— Какого старшого?

— Не твое дело, батюшка!.. Ох, худо: и ночи-то у нас не лунные, и день пришелся нечетный… Ну да и то сказать двух смертей не бывает, а одной не миновать.

— А что?

— Так, ничего. Попытаюсь, батюшка, попытаюсь! А покамест, не прогневайся, родимый: с другом посоветуюсь и спрошусь моей боярыни.

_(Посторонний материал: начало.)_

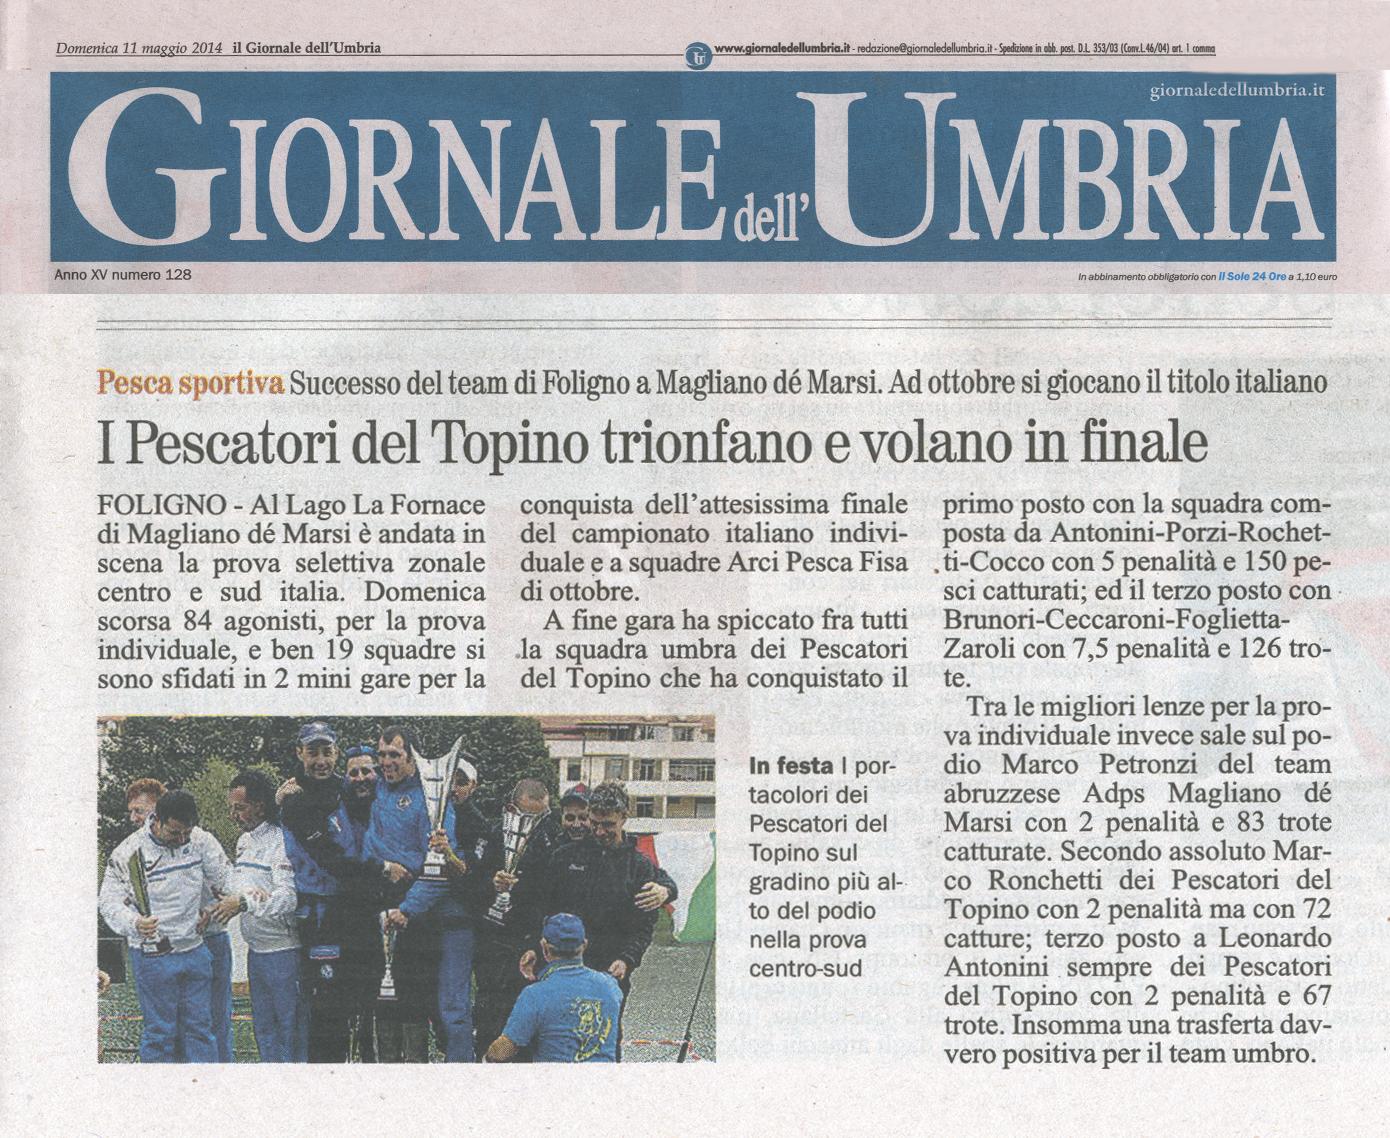 articolo_zonale_giornale_umbria

Сказав эти слова, старуха свистнула: черный кот ощетинился, замурлыкал и с одного прыжка очутился на столе, сова запрыгала на своей полке и замахала руками. Старуха свистнула еще — и черный кот вспрыгнул ей на одно плечо, а сова уселась на другом.

— Послушай, кормилец, — продолжала Вахрамеевна, — я на часок выйду, а ты останься здесь, да смотри, батюшка, что б тебе ни почудилось, а в сени не заглядывай; сиди да посиживай, как будто не твое дело, и коли больно страх разберет, так зачурайся про себя да заткни уши.

Старуха вышла вон. Оставшись один, Садко с невольным замиранием сердца, но с жадностью и нетерпением прислушивался к каждому шороху. Несколько минут в сенях все было тихо, и только снаружи бушевал ветер и гудел проливной дождь. Вдруг что-то, похожее на глухой шепот, потом на болезненный детский крик, раздалось за дверьми избы. Эти звуки, заглушаемые частыми ударами грома, превратились вскоре в какой-то судорожный дикий хохот, и в то же самое время в сенях поднялся такой ужасный стук и возня, что стены избушки заколебались и затрещала кровля. Несмотря на беспрерывные перекаты грома и вой ветра, Садко мог легко различать посреди этой стукотни безумный хохот колдуньи, пронзительное мяуканье кота и зловещий стон совы. Вдруг все затихло. Бурный вихрь завыл по лесу, и голос, в котором ничего не было человеческого, — голос, в котором сливались в одно все отвратительные звуки, существующие в природе, который напоминал и шипенье ядовитого змея, и карканье ворона, и последний охриплый стон умирающего, — проревел несколько непонятных слов. Вслед за этим раздирающий, невыносимый для слуха вопль оглушил Садко, что-то тяжелое упало в сенях на пол, потом снова все затихло. Садко хотел, но не в силах был зачураться; его оледеневший язык не двигался. Бледный, как мертвец, сидел он безмолвно на скамье и не мог пошевелиться ни одним членом.

Прошло около четверти часа. Буря усиливалась, но в сенях избы царствовала глубокая тишина. Наконец двери растворились, и Вахрамеевна вошла в избу. Ее исцарапанное лицо было все в крови, волосы растрепаны; как опьянелая подошла она, шатаясь, к столу и, сняв со стены решето просеяла сквозь него на столе несколько горстей ячменя перемешанного с черным куколем.

— Ух, батюшки, — промолвила она, обтирая себе лицо и вешая решето на прежнее место, — насилу отделалась! Ну, господин Садко, сослужила я тебе службицу! Чуяло мое сердце, что он сегодня больно гневен будет, да уж на то пошла. И то сказать — где гнев, там и милость. Жутко мне было, да зато и он изволил меня пожаловать. Теперь наше дело в шапке. Да что, что ты, кормилец? — продолжала старуха, взглянув почти насмешливо на своего гостя. — Ты, никак, так оторопел, что и словечка вымолвить не можешь?

— Ох, бабушка, — сказал, заикаясь, Садко, — напугала ты меня!